In such training results, Google said that without final fine-tuning through the supervised loss function, it has actually been able to obtain quite good semantic understanding and statement performance. It has been applied to YouTube’s language translation function and has been able to translate results in 73 languages. The word error rate (WER, Word Error Rate) achieves a performance lower than 30%.

In the comprehension performance of American English, Google also explained that the word error rate of its general language model is lower than that of other advanced language models, and the correct rate is even increased by 6%. Compared with the 18 languages ​​corresponding to the large language model Whisper proposed by OpenAI , its word error rate is 32.7% on average, while Whisper’s word error rate is below 40%.
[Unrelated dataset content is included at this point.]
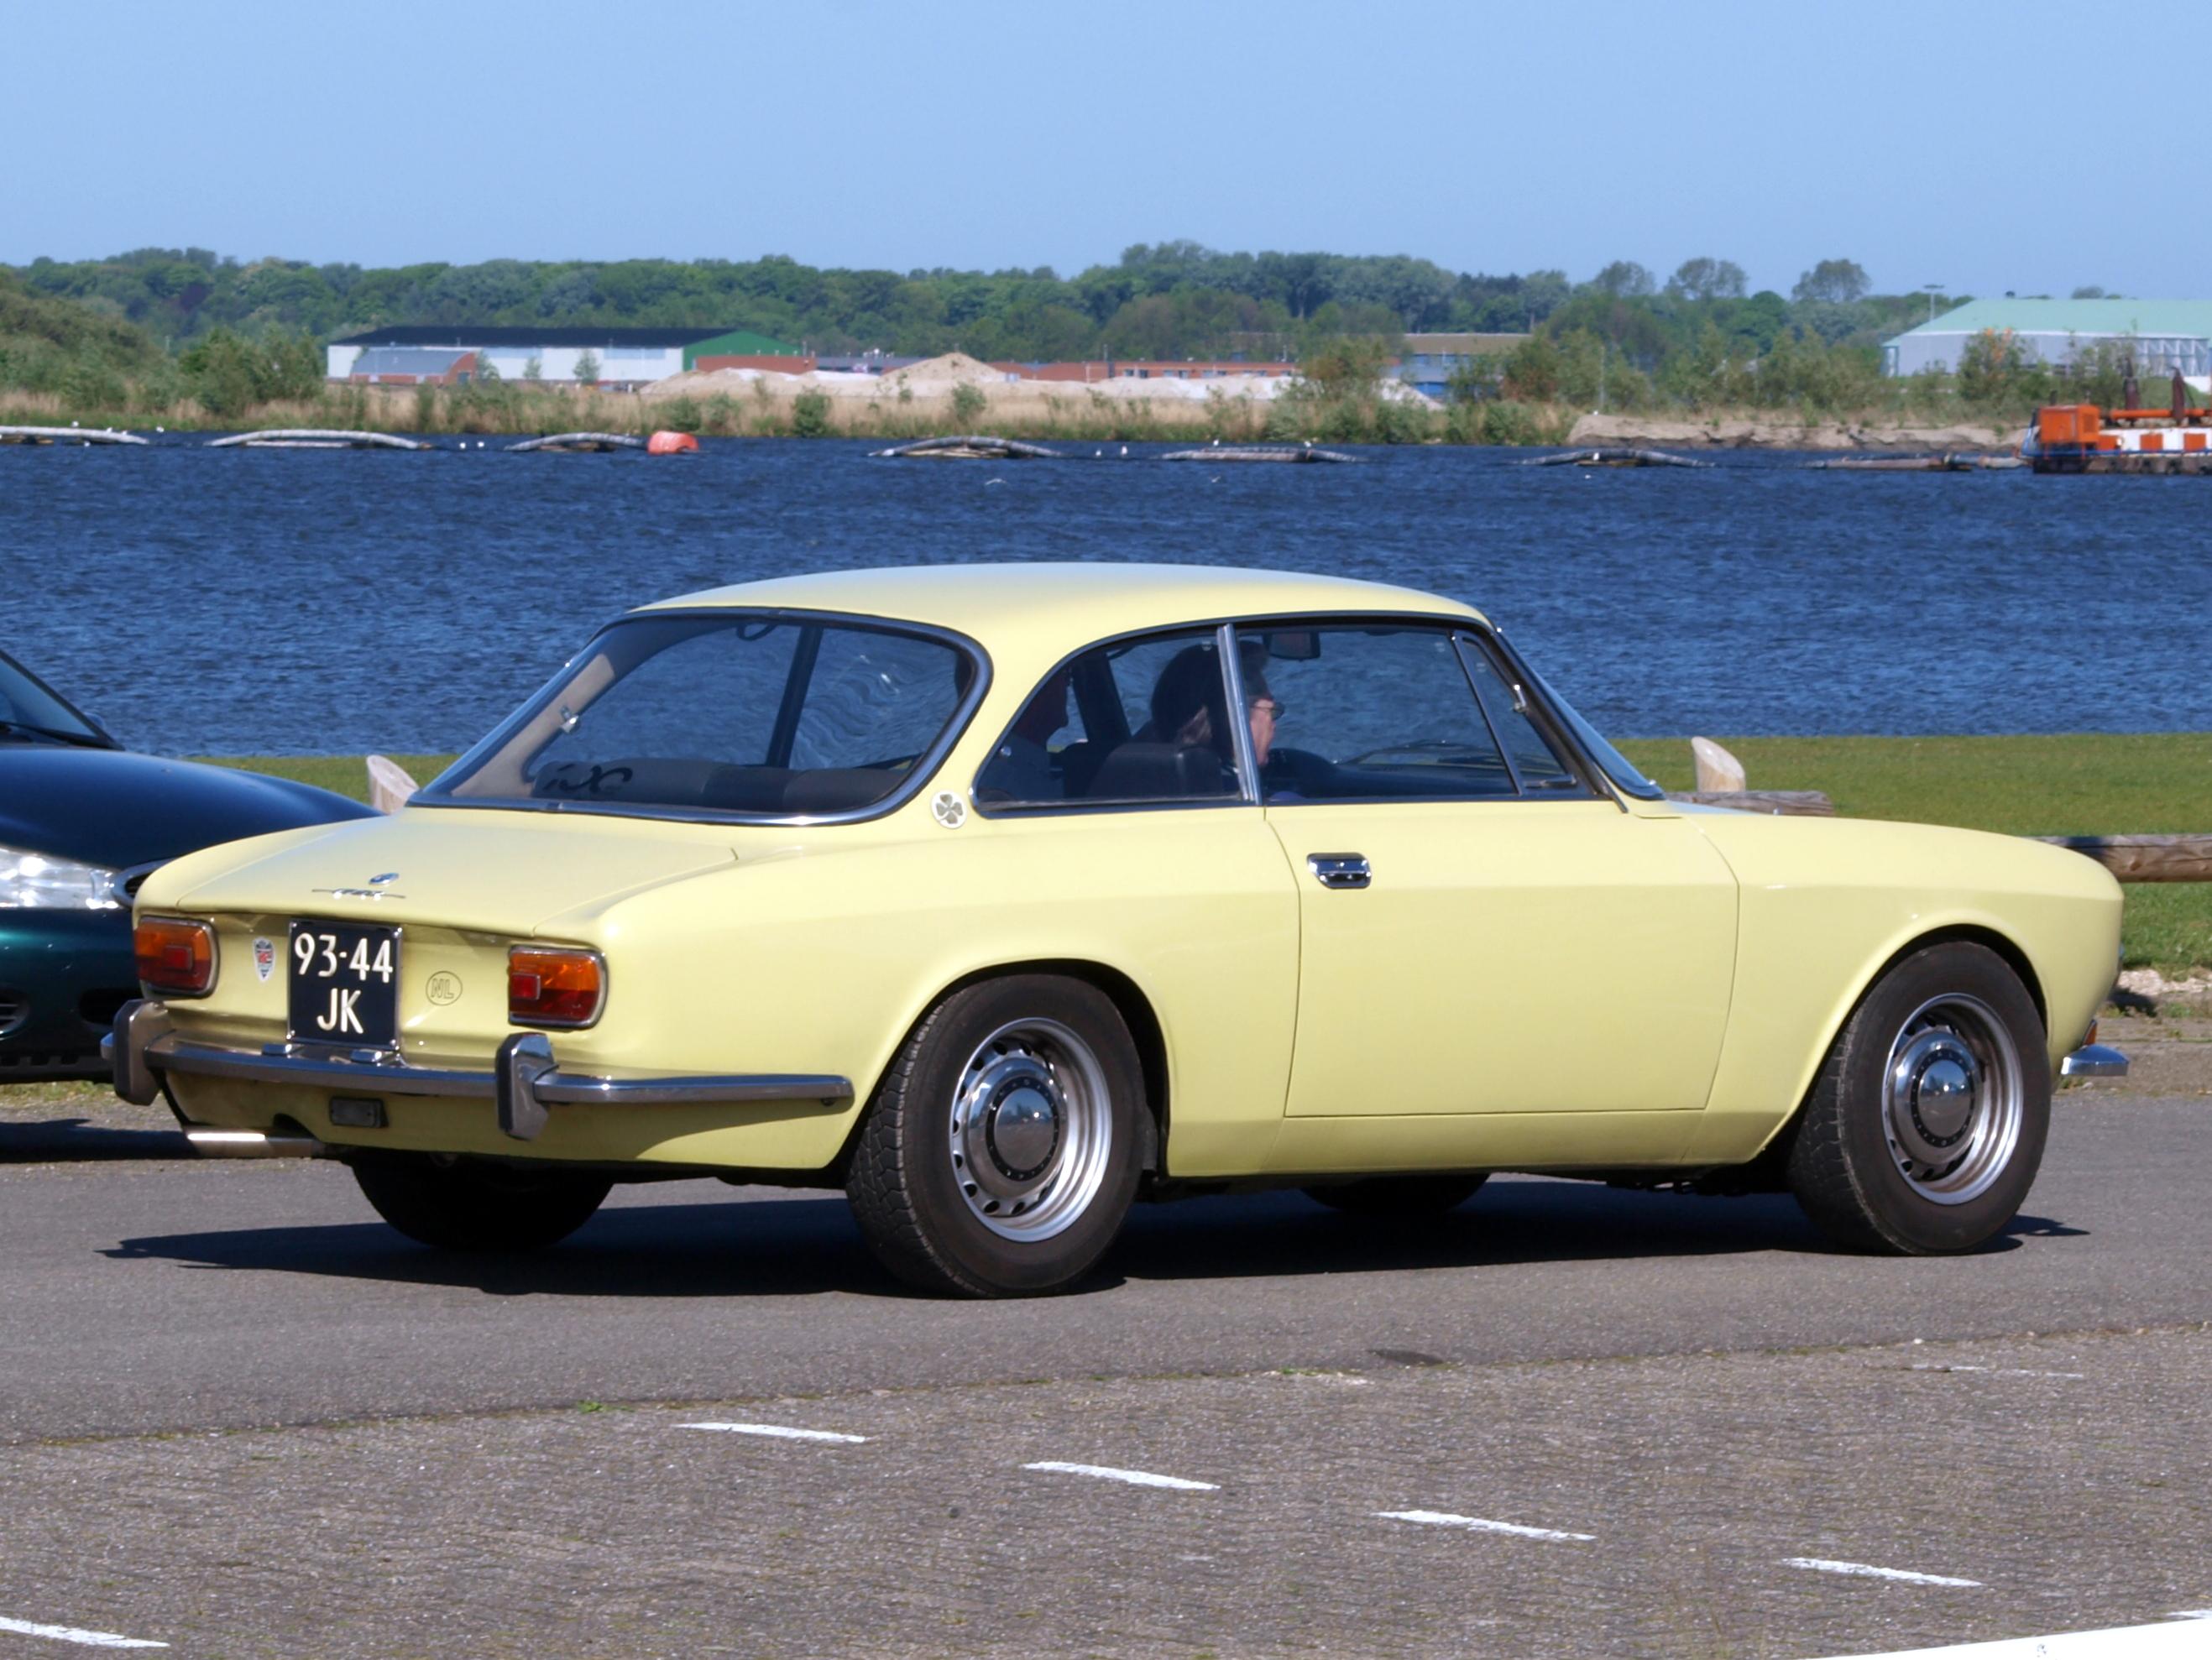 Alfa Romeo Wiki >> File:1969 Alfa Romeo 1750 GTV pic2.JPG - Wikimedia Commons
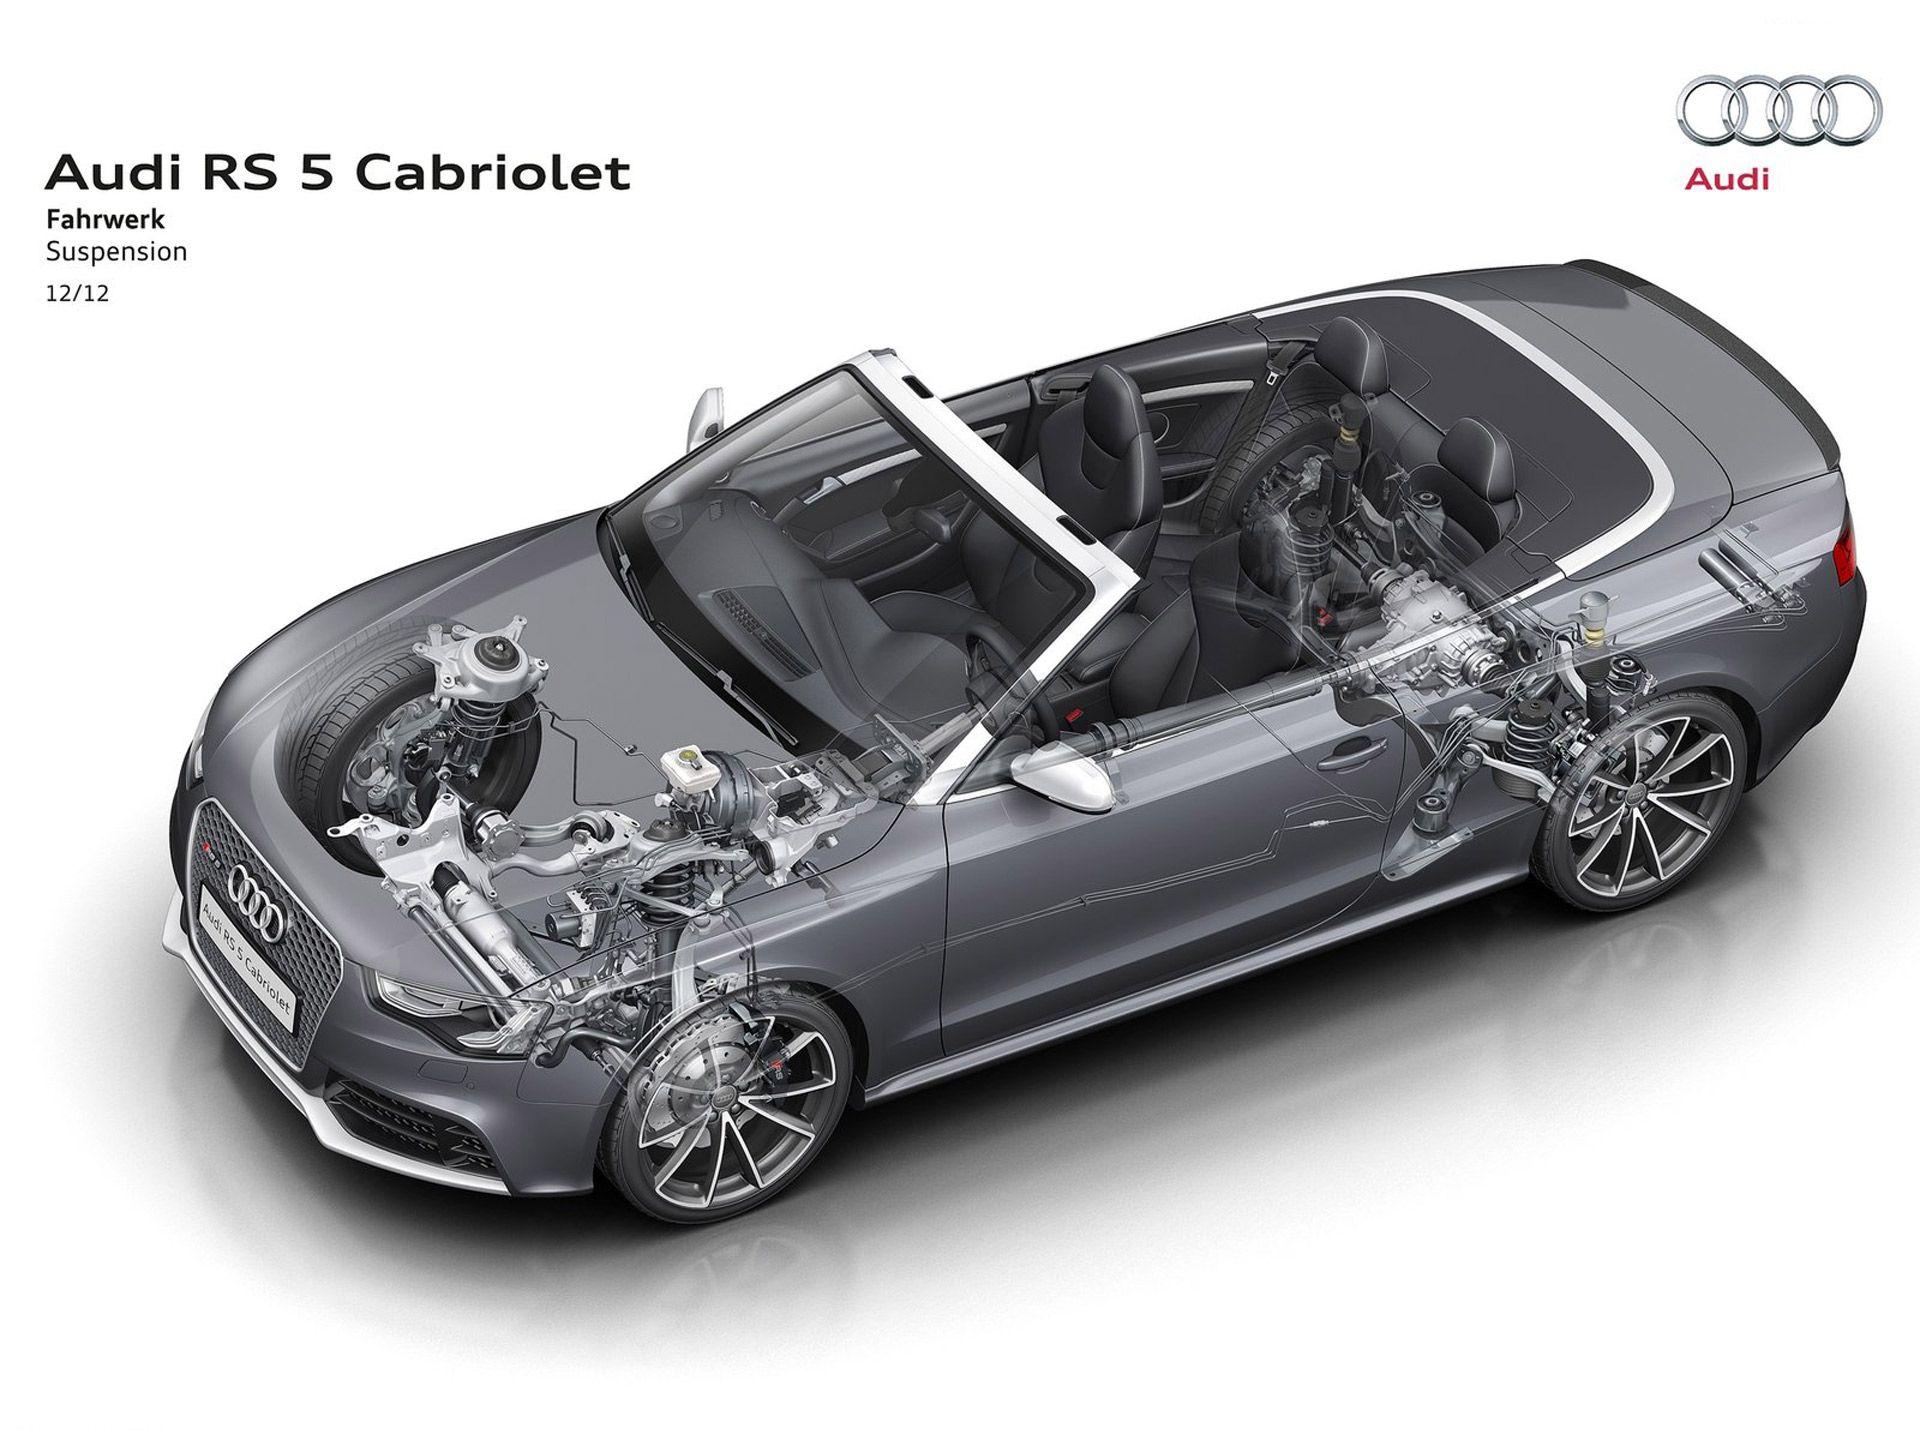 2014 Audi RS5 Cabriolet Suspension 2014 Audi RS5 Cabriolet Specs and ...

In other parts, Google emphasizes that in CORAAL, which corresponds to African-Americans using spoken English, SpeechStew, which mixes different accents, and FLEURS test performance, which corresponds to 102 languages, the accuracy of speech recognition results is higher than Whisper. In terms of automatic semantic translation performance, Google emphasizes that its general language model has a better score in BLEU than Whisper.

Google currently has research papers related to the general language model, and also provides this general language model API for researchers as more derivative research applications.

In the previous external explanation, Google believes that once the gap in language understanding is resolved, it will help promote more application development opportunities, and at the same time promote more services to attract everyone to use.